Asian markets mostly fell on deepening European debt concerns on Tuesday after 28 Spanish banks were hit with a downgrade as traders remained downbeat ahead of a European Union summit.
Adding to the gloomy sentiment, Cyprus became the fifth eurozone country out of the 17 countries in the bloc to seek a bailout.
Tokyo's Nikkei index fell 0.81 percent, or 70.63 points, to 8,663.99, as major exporters fell, with Sony off 2.90 percent at 1,102 yen and Honda Motor slipping 1.54 percent to 2,620 yen.
Struggling chipmaker Renesas Electronics was down 5.84 percent at 306 yen after it said its major shareholders have agreed to offer financial help as it undergoes a restructuring.
The Seoul market lost 0.41 percent, shedding 7.57 points to 1,817.81 and Sydney closed 0.36 percent, or 14.5 points, lower at 4,013.3.
Shanghai was flat, closing 2.04 points down at 2,222.07 but Hong Kong rebounded from three days of losses to end 0.45 percent, or 84.39 points, higher at 18,981.84.
Eyes are on the two-day meeting of EU leaders on Thursday and Friday as they try to overcome their differences to save the troubled euro.
"Expectations are very low for the upcoming European summit," said Tim Waterer, senior trader at CMC Markets in Sydney.

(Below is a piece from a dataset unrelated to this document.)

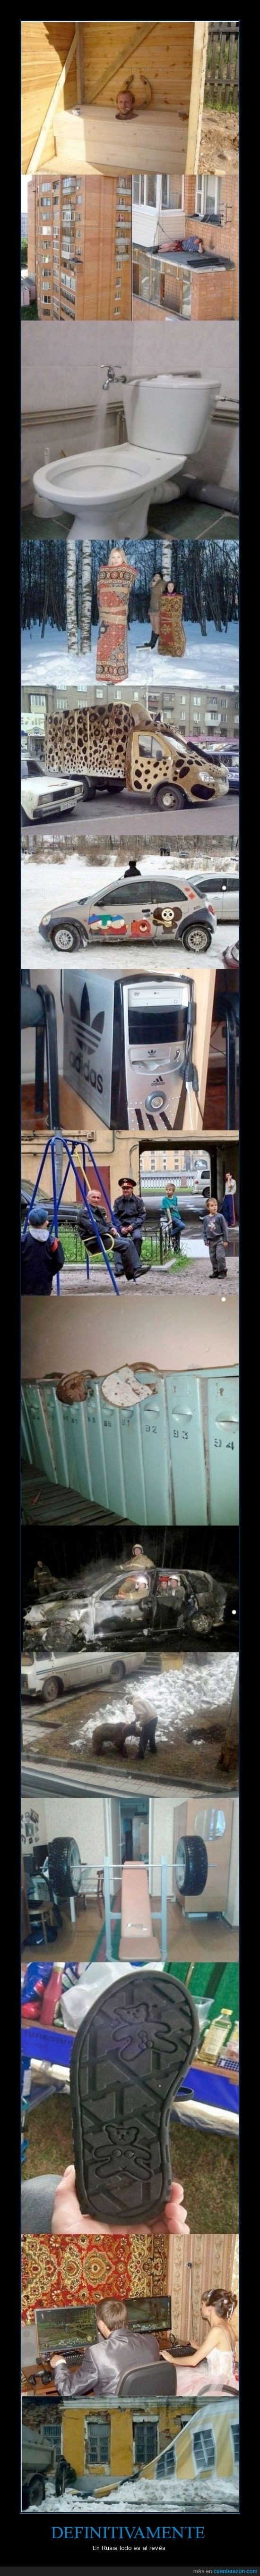 al reves,ex union sovietica,locura,mientrastanto,raro,Rusia

"There is a feeling that nothing concrete is going to come out of it and that we will be none the wiser about the solution to long-term problems," he told Dow Jones Newswires.
On Tuesday morning French Finance Minister Pierre Moscovici said he would be holding talks with his counterparts from Germany, Spain and Italy in the run-up to the summit.
In a fresh blow, ratings agency Moody's hit 28 Spanish banks with new credit downgrades Monday.
As Madrid formally requested a rescue loan of up to 100 billion euros ($125 billion) for the banking sector from its eurozone partners, Moody's said the banks faced rising losses from commercial real estate loans.
The agency said Madrid's own lowered credit grade also contributed to the rating cuts.
Moody's last week cut the ratings of 15 of the biggest names in banking including Goldman Sachs, Barclays, Citigroup, HSBC and Deutsche Bank, citing their exposure to each other and the financial crisis.
On Monday Cyprus, which had a large exposure to Greek government debt, requested financial help from its eurozone partners, following Ireland, Greece, Portugal and Spain.
While it did not specify the amount, local media speculated it would be in the region of five billion euros.
On Wall Street the Dow fell 1.09 percent, the S&P 500 slid 1.60 percent and the tech-rich Nasdaq lost 1.95 percent.
In late afternoon Asian forex trade the euro bought $1.2513 and 99.60 yen, compared with $1.2502 and 99.58 yen in New York late Monday.
The dollar bought 79.56 yen, compared with 79.67 yen.
Oil prices slipped. New York's main contract, light sweet crude for delivery in August, slid 24 cents to $78.97 in the afternoon and Brent North Sea crude for August delivery dipped 21 cents to $90.80.
Gold was at $1,585.95 an ounce at 0810 GMT, compared with $1,569.01 late Monday.
In other markets:
-- Taipei fell 0.40 percent, or 28.45 points, to 7,137.93.
Chunghwa Telecom rose 0.88 percent to Tw$92.0 while TSMC was 1.13 percent lower at Tw$78.7.
-- Manila closed 0.52 percent higher, adding 26.64 points to 5,193.84.
Philippine Long Distance Telephone rose 1.91 percent to 2,674 pesos while Ayala Corp. added 0.43 percent to 470 pesos.
-- Wellington ended down 0.58 percent, or 19.80 points, at 3,381.32.
Telecom fell 1.42 percent to NZ$2.435, Fletcher Building was off 1.67 percent at NZ$5.88 and Contact Energy eased 0.21 percent to NZ$4.71.